通信最大手のNTT(9432)が、総額1兆6,000億円規模の外債発行を計画していると報じられました。国内企業として2026年で最大規模の調達です。高配当・連続増配の代表格として個人投資家からの人気も高い銘柄なので、このニュースを入り口に、配当・株主還元、そして今の株価の割安感まで、あらためて点検してみます。
1.6兆円の外債発行をどう見るか
- 総額約1兆6,000億円を外貨建て社債で調達。国内企業として2026年最大規模。

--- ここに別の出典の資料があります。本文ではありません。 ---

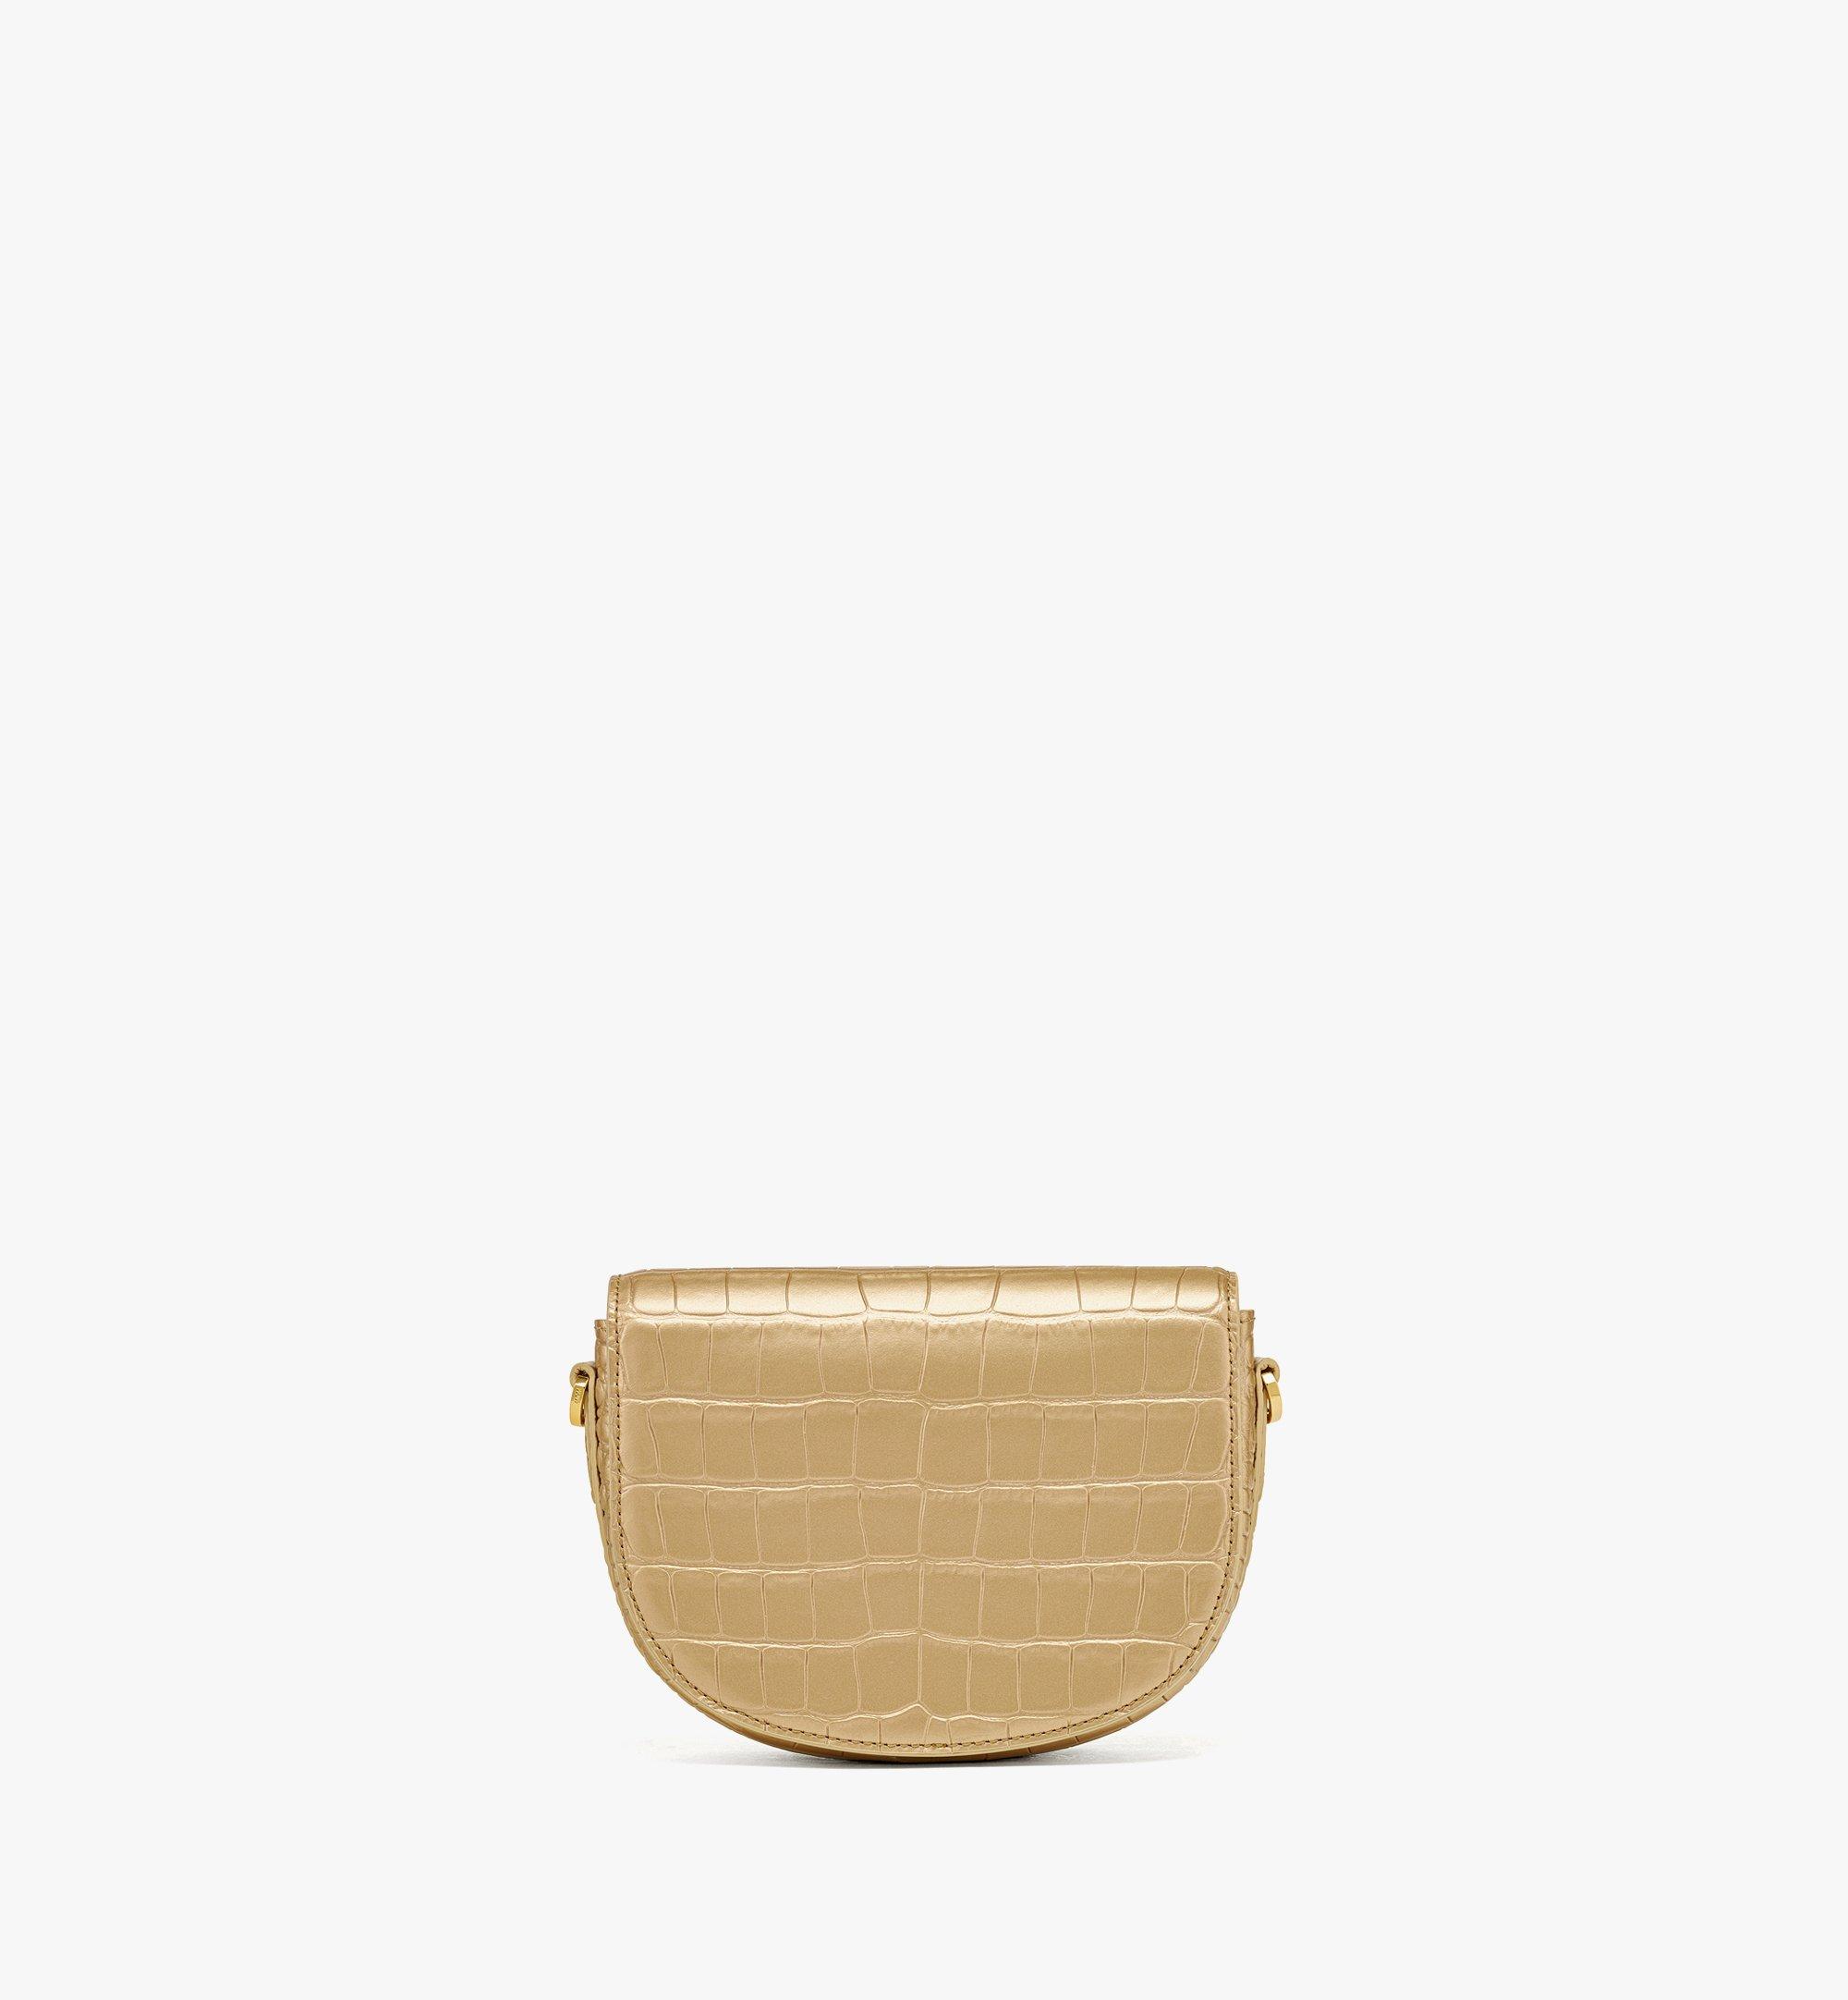 MCM Mode Travia Crossbody in Gold Croco-Embossed Leather Gold MWRDSLD01DG001 Alternate View 3

- 内訳は半分がドル建て、残り半分がユーロ建て+ポンド建て。
- 発行体は金融子会社のNTTファイナンス。資金は事業投資に充てる方針。
- 3月にも約5,500億円の外債を発行済みで、その流れの延長線上にあります。
「借金が増えてリスクが高まった」と身構える方もいるかもしれませんが、私はむしろ成長投資のための前向きな資金調達と受け止めています。データセンターやAI関連など、これから資金が必要な分野へ投じるための調達で、通貨を分散しているのも調達先の安定とグローバル事業への対応という意味合いが大きいでしょう。一方で、外貨建ての負債が増えることで為替の影響を受けやすくなる点は、頭の片隅に置いておきたいところです。
配当・株主還元 ― ここが本命
高配当株として見たときの魅力は、やはり継続的な増配と手厚い株主還元です。
| 項目 | 内容 |
|---|---|
| 年間配当(2026年度予想) | 5.4円(前年度比 +0.1円) |
| 増配記録 | 16期連続増配予定(累進配当) |
| 自社株買い | 上限2,000億円・最大15億株(発行済の約1.8%)を実施中 |
| 予想配当利回り | 約3.7%(株価143円台で計算) |
東証プライム平均の配当利回り(2%台)を上回り、しかも増配と自社株買いの両輪で株主に報いる姿勢が続いています。長期保有でじっくり持つほど、増配の恩恵で「自分の買値に対する利回り」が育っていくタイプの銘柄です。
今の株価は割安か ― 指標で点検
| 指標 | 数値 | ざっくりの目安 |
|---|---|---|
| PER(予想) | 約12.3倍 | 日本株平均(15倍前後)より低め |
| PBR(実績) | 約1.24倍 | 1倍超え。割安でも割高でもない標準 |
| 予想配当利回り | 約3.7% | プライム平均より高い=高配当◎ |
PERは市場平均より低め、配当利回りは平均より高め。指標面では「激安ではないが、高配当株として十分許容できる水準」という印象です。
アナリストの見方と理論株価 ― 評価は割れている
- アナリスト目標株価:平均 約177〜181円(現在値から+22%前後の上昇余地)。プロは強気寄り。
- みんかぶの理論株価:約131円。これだと今はやや割高で、131円を割れば割安圏入りという評価。
証券会社のアナリストは「まだ上がる」と見る一方、機械的に算出する理論株価は中立〜やや慎重。評価がきれいに割れているのが現状です。こういうときは、短期の値上がり益を狙うよりも、配当をもらいながら長く付き合えるかどうかで判断するのが、私の性に合っています。
個人投資家としての私の見解
私自身もNTTを長期で保有しています(取得単価は平均156円ほど。2023年からコツコツ買い増してきました)。現在値143円台は私の買値をやや下回っていますが、高配当・連続増配・累進配当という前提が崩れていない限り、こうした局面は「利回りが上がった買い場」と捉えています。今回の外債発行も、成長投資の布石として前向きに見ています。
結論として、飛びつくほど激安ではないが、高配当株としては十分検討に値する水準。来期は減益予想という弱さもあるので、一括ではなく時間を分けて少しずつ、というのが私のスタンスです。夜には「配当利回りベースで、いくらまで下がったら妙味が出るか」を別記事で具体的に計算してみる予定です。
※本記事は個人投資家による情報整理・意見であり、特定銘柄の売買を推奨するものではありません。数値は2026年6月25日時点の各種公開情報(日本経済新聞、Yahoo!ファイナンス、みんかぶ、株予報Pro等)に基づく概算で、最新の正確な情報は各社の公式発表・IR資料をご確認ください。投資の最終判断はご自身の責任でお願いします。